EAF: The EAF process modeling site

PRMC > Processes > EAF > Interface

Interface definitions for EAF process models:

For a description of the general purpose process modelling software interface, refer to the PRMC Interface pages. Here we provide some motivation from an anticipated EAF community point of view. Then we define the input data vector xi, the parameters pk and the output vector yj for process models describing the electric arc steelmaking furnace (EAF).
Please refer to this interface by the following identifiers:
DATA_VERSION    = prm05.b (the PRMC Interface version)
PROCESS_NAME    = eaf     (the unique name of the process - never changing!)
PROCESS_VERSION = 0.5b    (the version of this process specific interface)
When there is no a(α) in the version specifiers, the interface is unchangeable because existing software and systems are using it. A b (β) indicates the interface is currently tested. New and changed interfaces will get a new number!

Motivation for an open EAF data format and model interface:

EAF process models should be comparable and exchangeable

While there are several commercial and academic EAF process models, a scientific validation and comparision is currently very difficult. The end users have almost no chance to choose a process model depending on technical criteria, e.g. best prediction of tap temperature for the 2007 data after training with the 2006 data.

EAF process models should be independent of a specific automation environment

Automation environments and process models can be developed independently and an open interface will allow the usage and/or test of different process models. On the long term, plant specific process models will fail to reach the state-of-the-art. Additionally open interfaces support modularization of the automation environments. Complexity management is much easier if there are open borders with well defined interfaces.

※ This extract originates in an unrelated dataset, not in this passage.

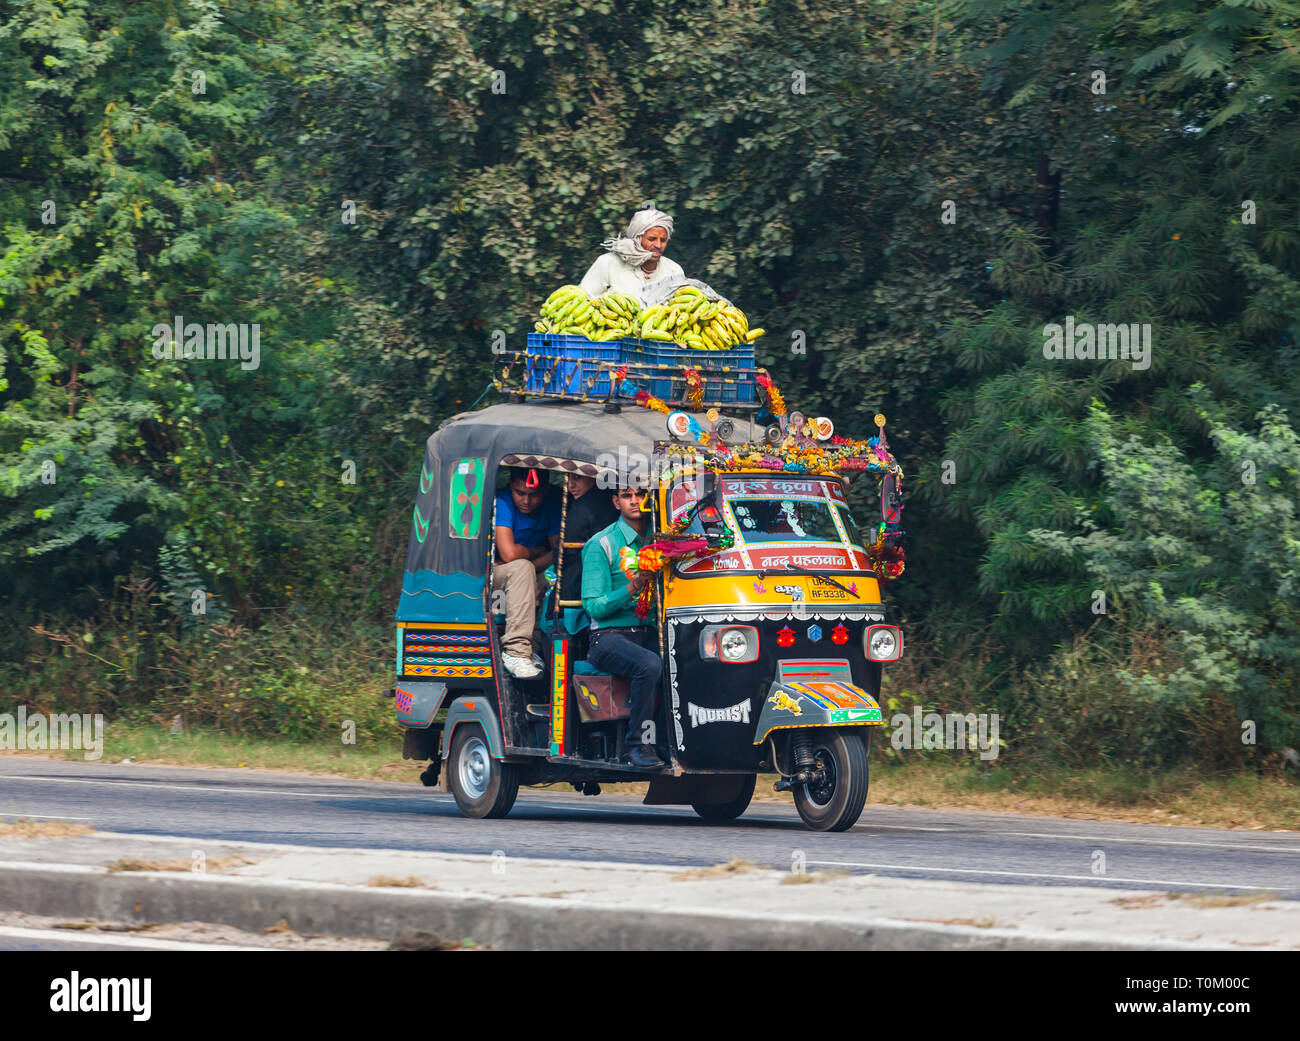 AGRA, INDIEN - November 15, 2012: Verkehr auf den Straßen von Indien. Große indische Familien reisen in ein kleines Auto. Indische Menschen und ihre bunten Kult Stockfoto

EAF plant operation data should be collectible, exchangeable and future-proof

By collecting and saving the detailed inputs and parameters required by the process model interface, a maximum chance for the usefullness of stored plant operation data in the future is maintained. This long term storage of detailed data will become more and more important because this data is the basis for model parameter determination by inverse modelling and thus for MPC and model based process optimization systems. The data scatter und missing data problem in the charging material properties (scrap, ...) requires long term data collection for statitical analysis.

University research can be linked to industrial practise

Due to the increased innovation rate new process routes for new steel grades need to find their way to production. Academic support may stimulate the permanent process optimization in the plants.

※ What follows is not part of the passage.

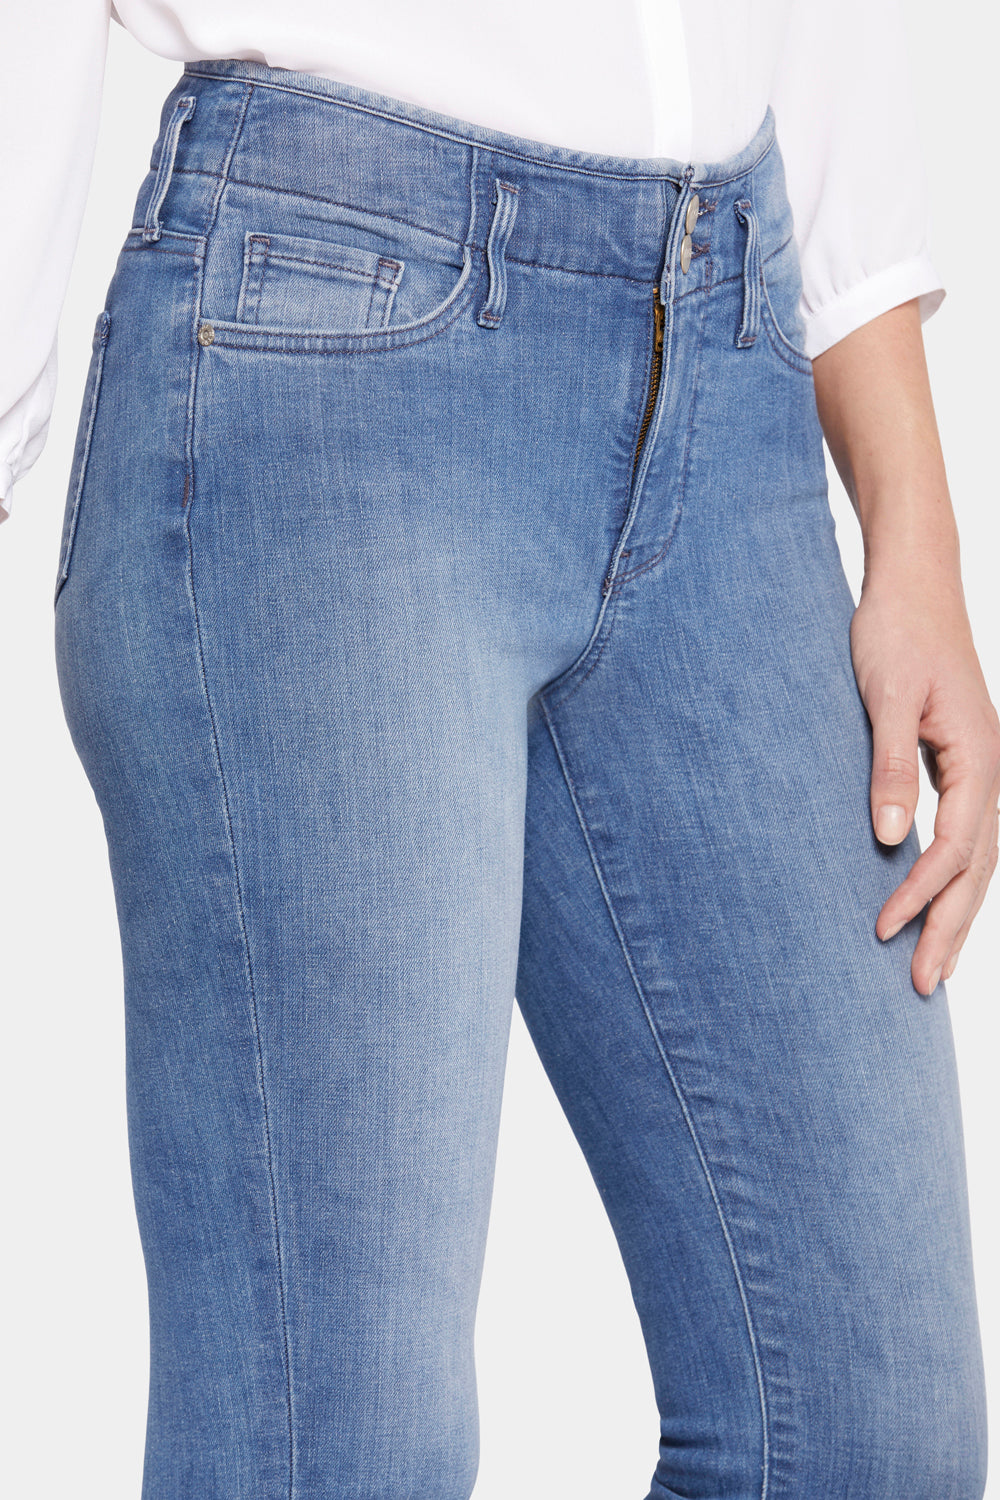 NYDJ Chloe Capri Jeans In Petite With Cuffs - Stargazer

EAF process data format and model interface (draft):

Here, we define xi, yj and pk for the EAF:

Input data vector xi:

Include all time dependent data in SI units that may be required by process models based on physical conservation laws. Current proposal (03.09.2008): prm_process_eaf_inp.xls, prm_process_eaf_inp.csv.
For demonstration of the input data exchange opportunities, here is a template for a input file: eaf_inp.csv.

Output data vector yj:

Include all time dependent process model results data in SI units that may be required by plant automation systems, HMI's and for scientific analysis. Current proposal (03.09.2008): prm_process_eaf_out.xls, prm_process_eaf_out.csv.

Model parameter data vector pk:

Include all parameter data in SI units that may be required by process models based on physical conservation laws. Current proposal (03.09.2008): prm_process_eaf_para.xls, prm_process_eaf_para.csv.
For demonstration of the parameter data exchange opportunities, here is a template for a parameter file: eaf_para.csv.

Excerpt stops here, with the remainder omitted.